There are many responsibilities of love and the most important one is to keep another's hearts safe. And I failed at that. My girl is not safe and I don't know how to protect her. I didn't protect her and I hate myself for it. But I'm not going to sit around with my pity, I'm going to avenge her.

Blaise and I walk around the back of the castle with a murderous conscience. We have searched every creepy crevice of this damn castle and we haven't found Noah. And what is most strange—when we asked a few seventh-year's if if they had seen him, they told us he hadn't been in classes since the day he joined and had presumed he had left.

But he did not leave. He put my girl in the hospital wing. I'm not sure if I am capable of murder but I certainly feel the killer's high right now.

I could use the killing curse but one, I'd end up in Azkaban and two, I'd rather kill him slowly. Take my time with him, feel the warmth of his blood on my hands and watch his body squirm beneath my blows.

"What if he really has left?" Blaise asked when we reached another dead end, the sky darkening as night approaches us.

"He was here last night when he was firing at us," I snapped back and I didn't mean to let my fury leak out and attack Blaise.

"I know, I know," Blaise answered, looking around at the distant forest, "but it has been almost twenty hours since he attacked us. He could have fled in that time."

I knew he was right. I knew it but I couldn't give up. We've spent the day searching every inch if this school, over and over and we still haven't found him. But it's been a distraction, I realised. I should be by my girl's side for when she wakes but I know that when she does, she—

I'm afraid she will hate me for betraying her trust.
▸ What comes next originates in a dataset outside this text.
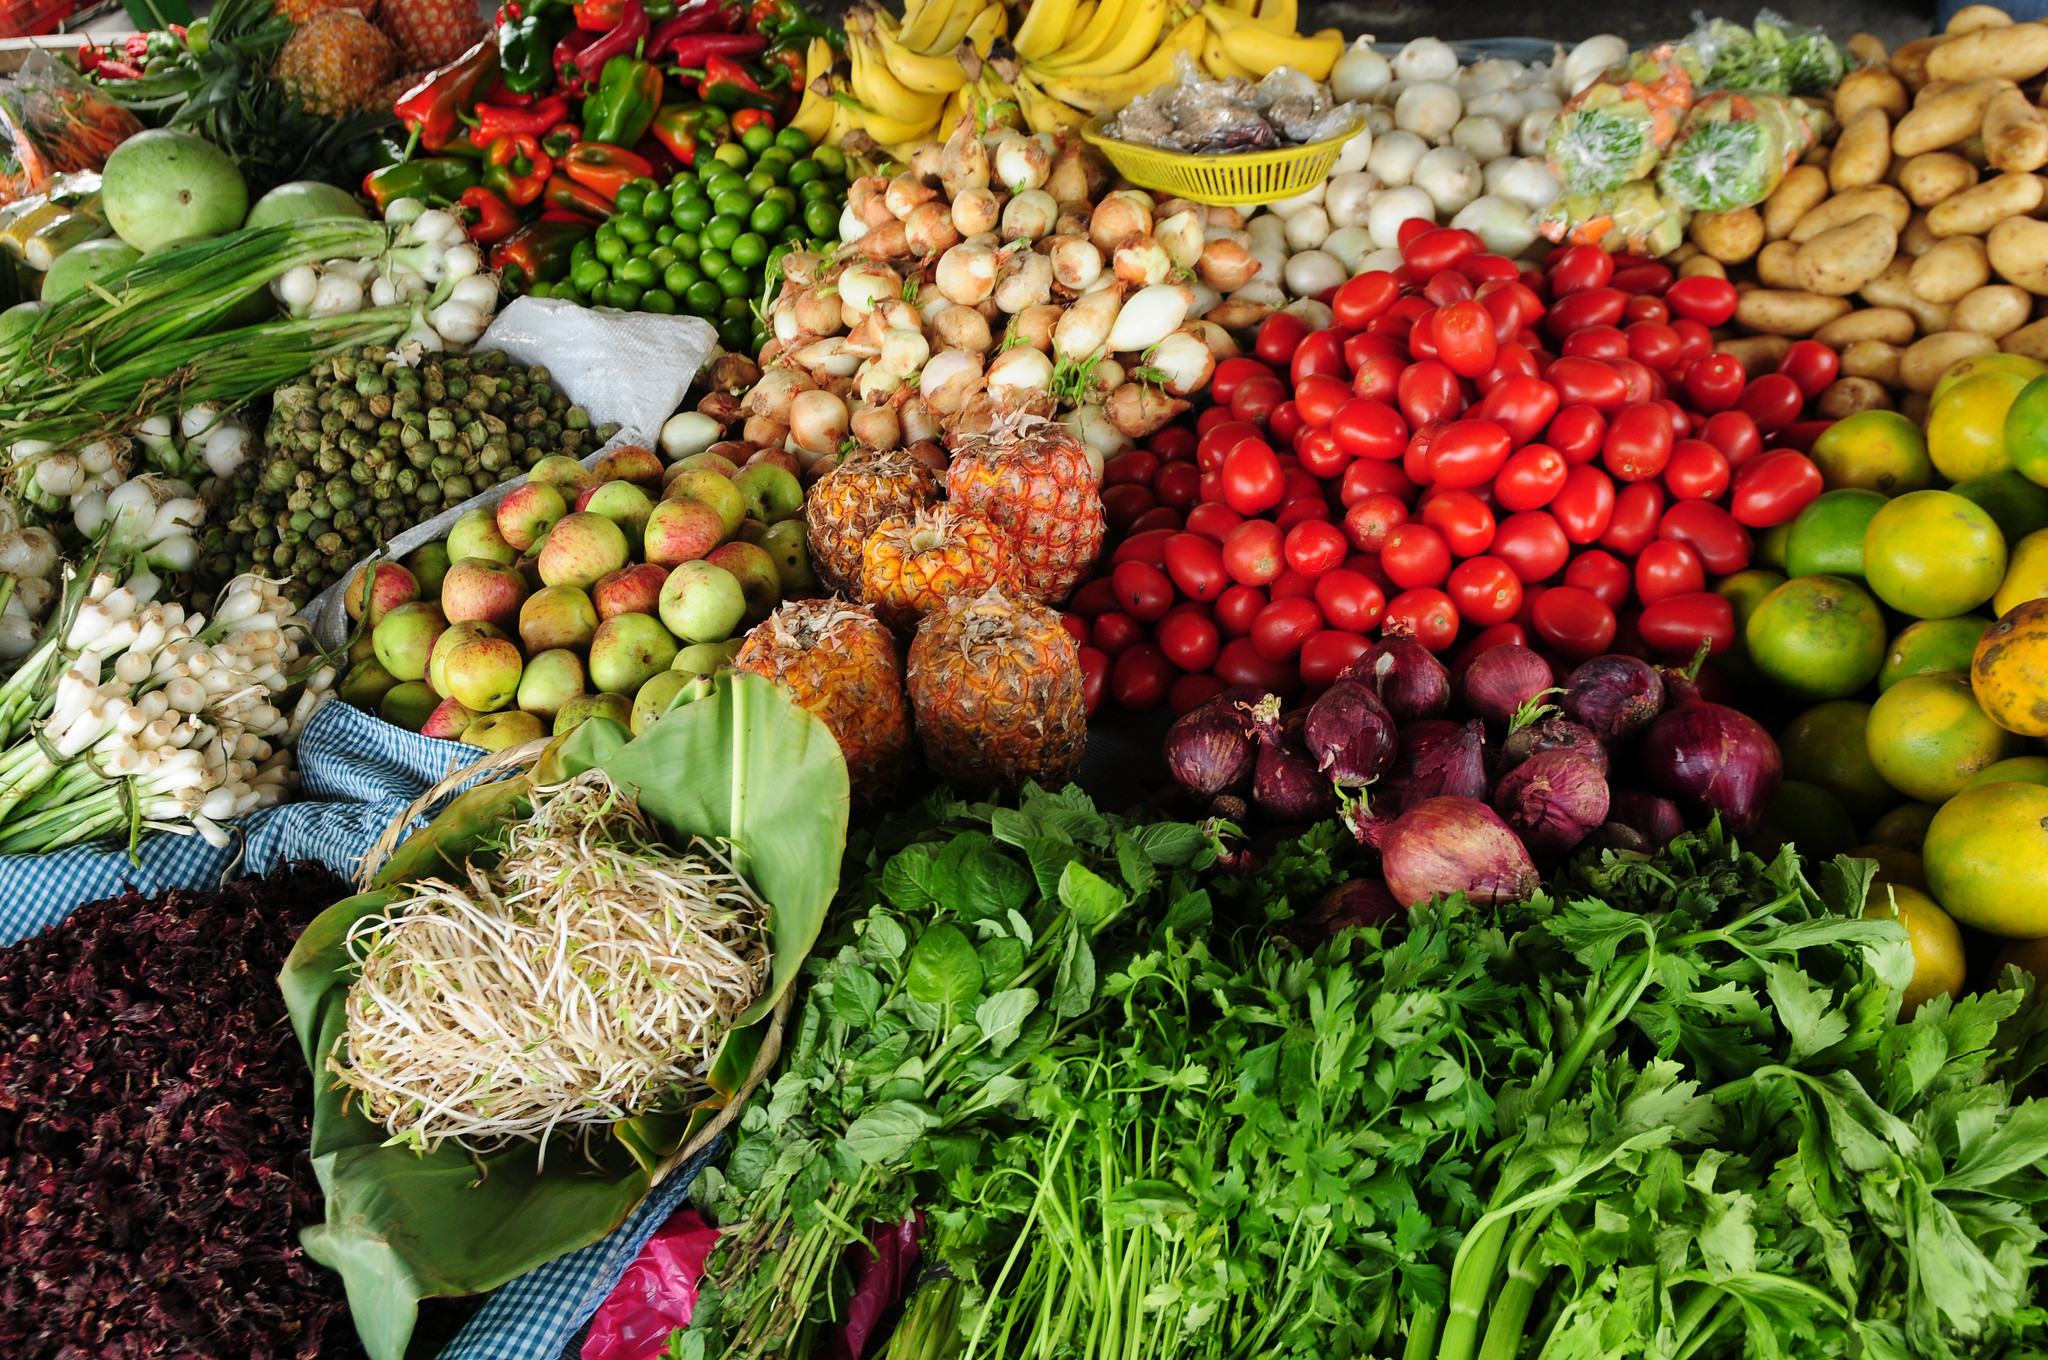 Photo of fruits and vegetables at a market

But as afraid as I am, I won't leave her to suffer alone. I hate myself too, Eliza, so let's hate me together.

E L I Z A

I laid in that uncomfortable bed all day today, with only the company of Madam Pomfrey bringing me meals and healing potions. I've been waiting for Draco to come or anyone but no one has visited me. I can't help but feel like I've fallen into that lonely hole I spent all those years in. I feel the dreadful weight of the loneliness I thought I got rid of.

It's been a long day. A long physically and mentally painful day. And I've been waiting for Draco to show but a part of me doesn't want him to. I am so angry with him for telling Dumbledore about Noah because now I am so afraid of what might happen to him, my friends and myself.

Noah made it extremely clear not to tell a soul and I did and then I trusted Draco enough to tell him and now I'm regretting that foolish decision.

I am left with that regret as my eyes fall into an uncomfortable slumber and the only one who would be keeping me company is Noah, in my nightmares.

~

I spent the following day the exact same. And now it's Monday and when I should've been in lessons I was in the hospital wing wondering why no one has come to visit me. I want, no I need to tell Draco what Dumbledore and the professors know about Noah. I need to warn him, but no doubt he won't keep his mouth shut and tell everyone.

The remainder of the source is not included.